Niet eerder heb ik
zo intensief van de krokussen kunnen genieten als in de afgelopen
week van dit jaar. Zittend op mijn tuinkrukje, laag bij de grond kon
ik de schoonheid van mijn mooiste soorten eens goed tot me laten
doordringen.
Vorig najaar kwam ik
in de catalogus ( Nijssen bulbs) een paar onweerstaanbaar mooie
soorten tegen, en één ervan is Crocus fleischeri. Fijne,
stervormige blaadjes, met een feloranje in drieën gesplitste stijl.
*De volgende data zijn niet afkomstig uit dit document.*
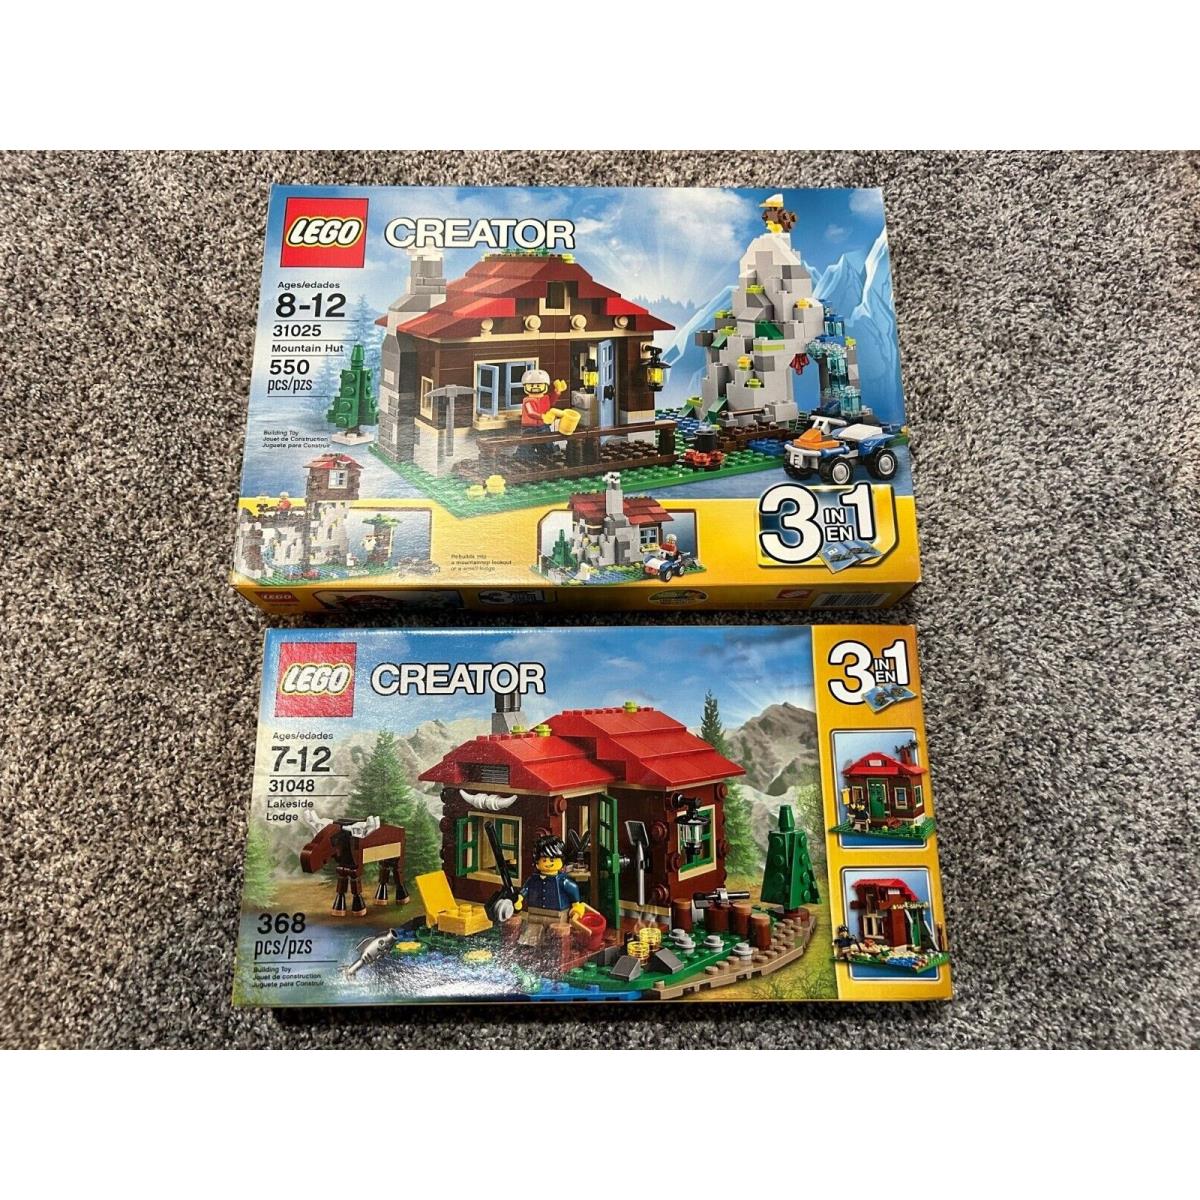 Lego Creator 3-in-1 Lakeside Lodge 31048 / Mountain Hut 31025 - Box

Het is een vroegbloeiende soort, eind januari kunnen de eerste
bloemen al verschijnen. Pas vandaag (20 februari) zie ik dat ze
verwelken. Hieronder een selectie van de fleischeri:
Gelukkig, de insecten vertonen zich weer:
Ook zeer
vroegbloeiend krokusje is de Crocus imperati subsp.imperati “de
Jager”. Deze vertoonde de bloeiknoppen al tijdens de sneeuwval van
24 januari. De schoonheid zit hem in de typisch gestreepte
buitenblaadjes:
Deze prachtige
crocusjes hebben mogelijk één nadeel: ze zijn niet zo sterk en ze
breiden zich minder goed uit. De komende jaren zullen we dat
afwachten.
Ik heb wel vaker
mooie soortjes aangeschaft, die geleidelijk verdwenen.
Redelijk sterk is de
Crocus chrysanthus “Prins Claus”. Deze liep hier toch langzaam in
aantal terug. Maar ik heb er weer wat van aangeschaft:
De soorten, die je
nooit teleur zullen stellen, die altijd weer terugkomen en zich
steeds meer uitbreiden en zich uitzaaien is de Crocus tommasinianus
en selecties ervan. Dat zijn de zo genoemde boerenkrokussen die
behoren tot de Stinzenplanten.
Hierboven zie je de
lichter gekleurde Crocus tommasinianus en de wat donkerder Crocus
tommasinianus “Ruby Giant”.
Ruby Giant:
De genoemde soorten
zijn allemaal kleinbloemige soorten.
Ik heb ook wel wat
grootbloemige soorten (Crocus vernus) maar die komen wat later in
bloei, zijn sterk, maar zaaien zich hier niet uit.
Overigens realiseer
ik me hoe vreemd het is om midden februari met een voorjaarsgevoel in
de tuin te zitten bij deze hoge temperaturen – hier zo’n 14
graden. Het was / is genieten, maar toch bizar.